Two cars are initially 10.5 km apart on a straight road. If the cars are moving toward each other, car 1 with a speed of 9.5 m/s and car 2 with a speed of 10.40 m/s, how many seconds will it take before the cars meet?
10.5 km = 10,500 m.
V1*t + V2*t = 10,500.
9.5t + 10.4t = 10,500.
19.9t = 10,500.
t = 528 s.
To find the time it takes for the cars to meet, we need to determine the time it takes for car 1 and car 2 to cover the distance between them.
First, we need to convert the initial distance of 10.5 km into meters. Since 1 km equals 1000 m, 10.5 km is equal to 10.5 * 1000 = 10500 m.

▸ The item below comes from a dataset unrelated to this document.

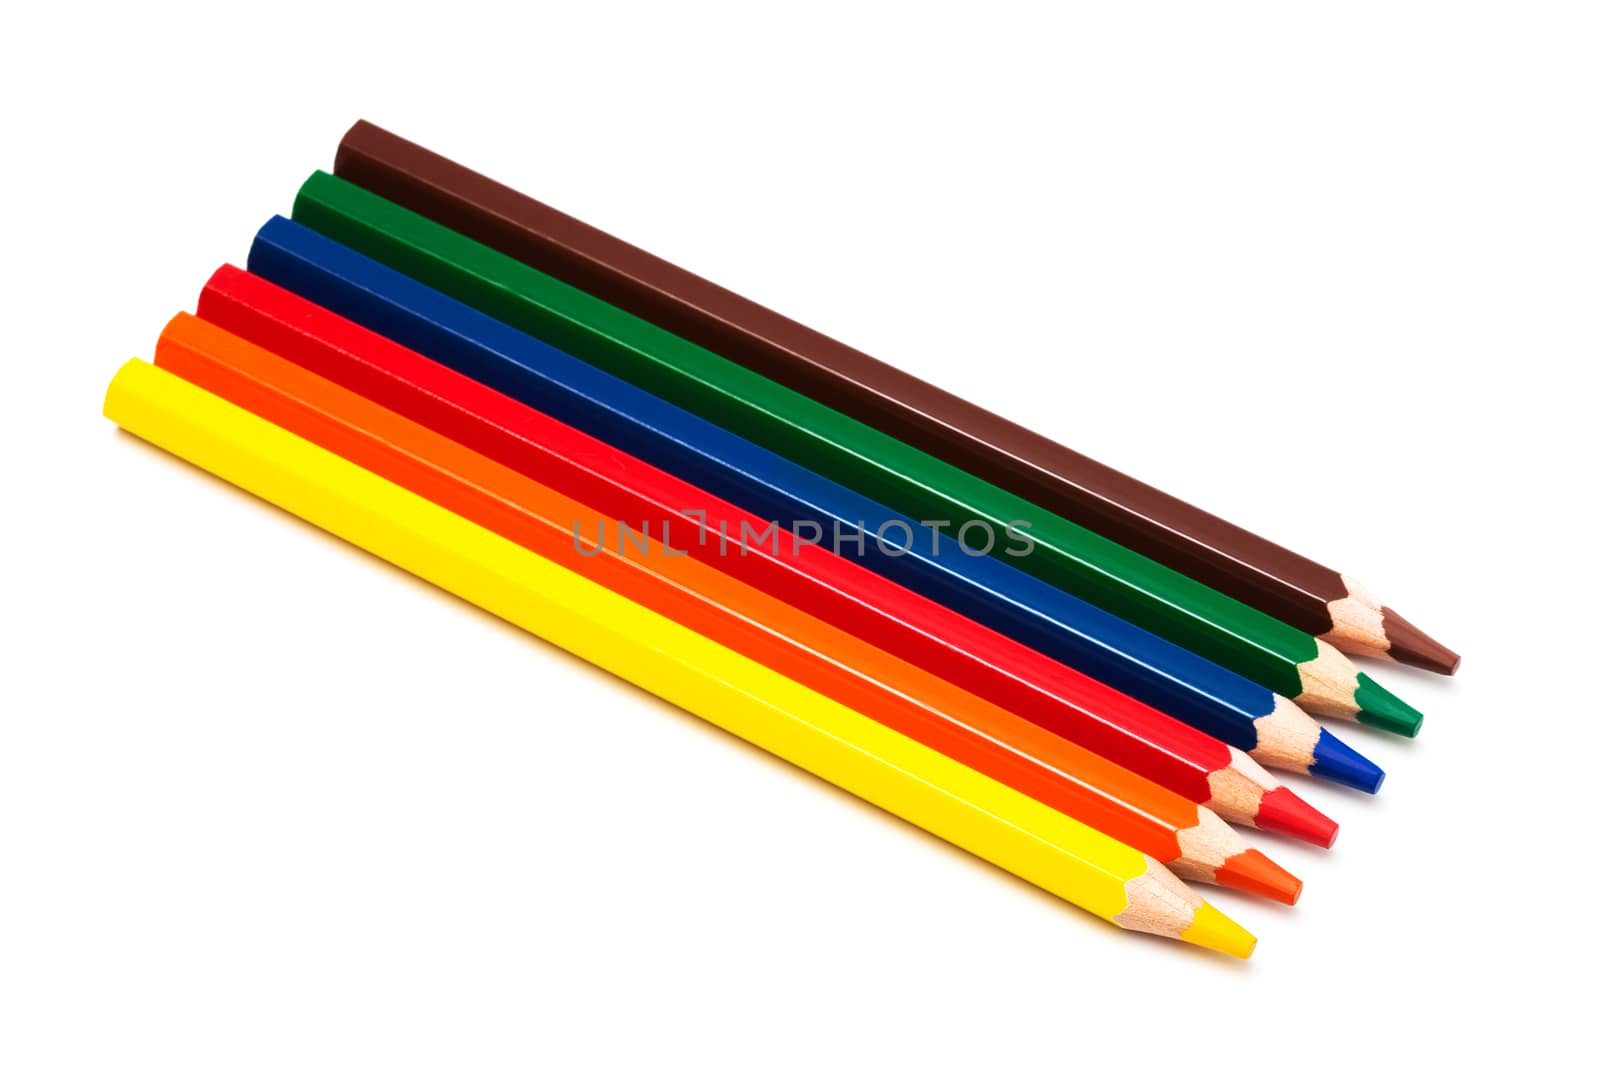 pencils by terex
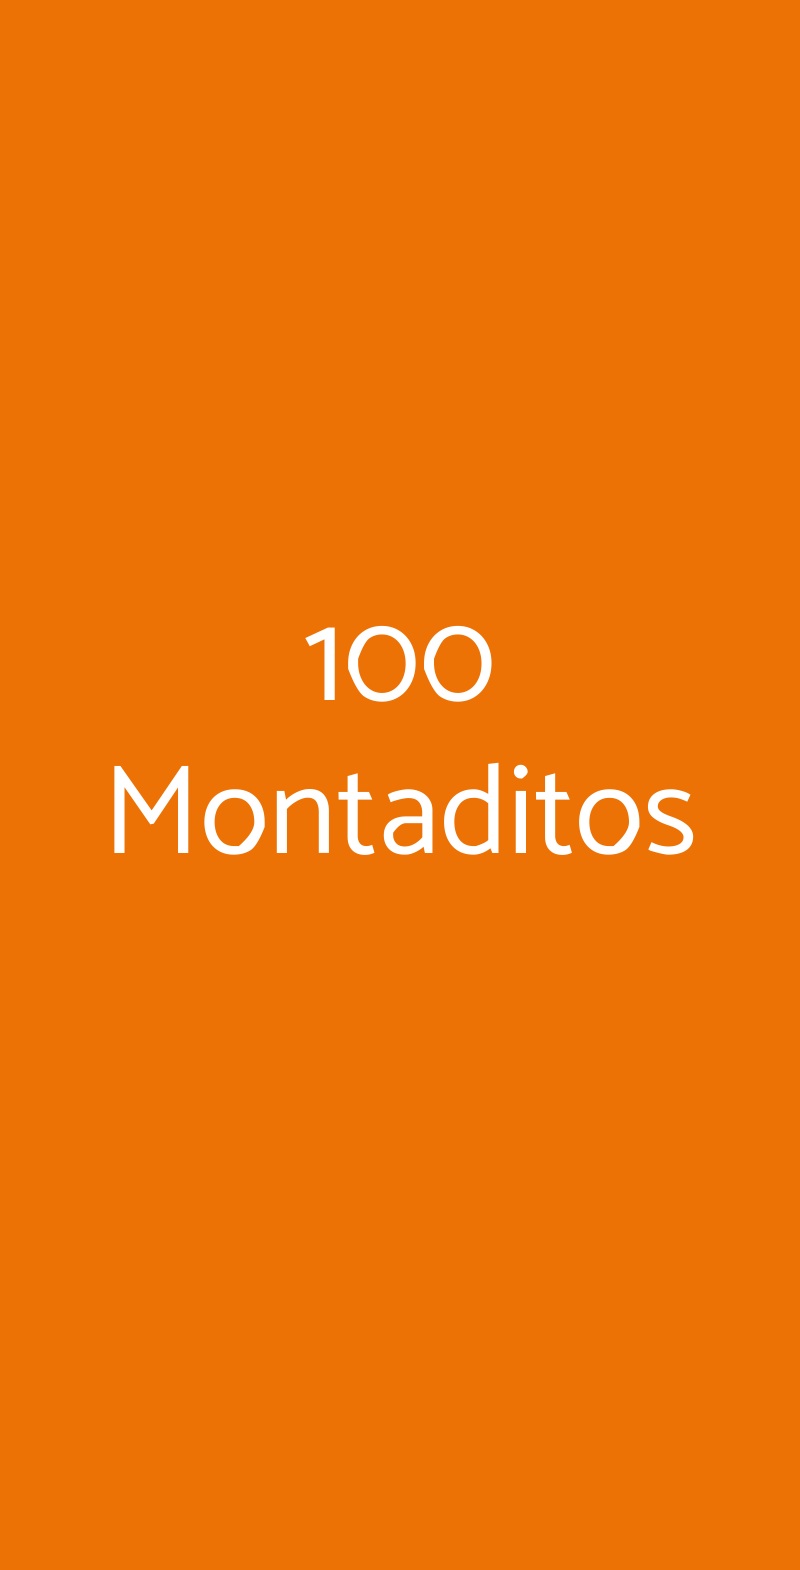 100 Montaditos Roma menù 1 pagina

Next, we can use the formula:
time = distance / speed
For car 1, the distance it needs to cover is the initial distance between the cars (10500 m). The speed of car 1 is given as 9.5 m/s. Therefore, the time it takes for car 1 to cover this distance is:
time1 = 10500 m / 9.5 m/s
Similarly, for car 2, the distance it needs to cover is also 10500 m, but the speed of car 2 is given as 10.40 m/s. Therefore, the time it takes for car 2 to cover this distance is:
time2 = 10500 m / 10.40 m/s
Finally, to find the total time it takes for the cars to meet, we can add the times for car 1 and car 2:
total time = time1 + time2
Now we can calculate the answer:
time1 = 10500 m / 9.5 m/s = 1105.26 s (rounded to two decimal places)
time2 = 10500 m / 10.40 m/s = 1009.62 s (rounded to two decimal places)
total time = 1105.26 s + 1009.62 s = 2114.88 s (rounded to two decimal places)
Therefore, it will take approximately 2114.88 seconds for the cars to meet.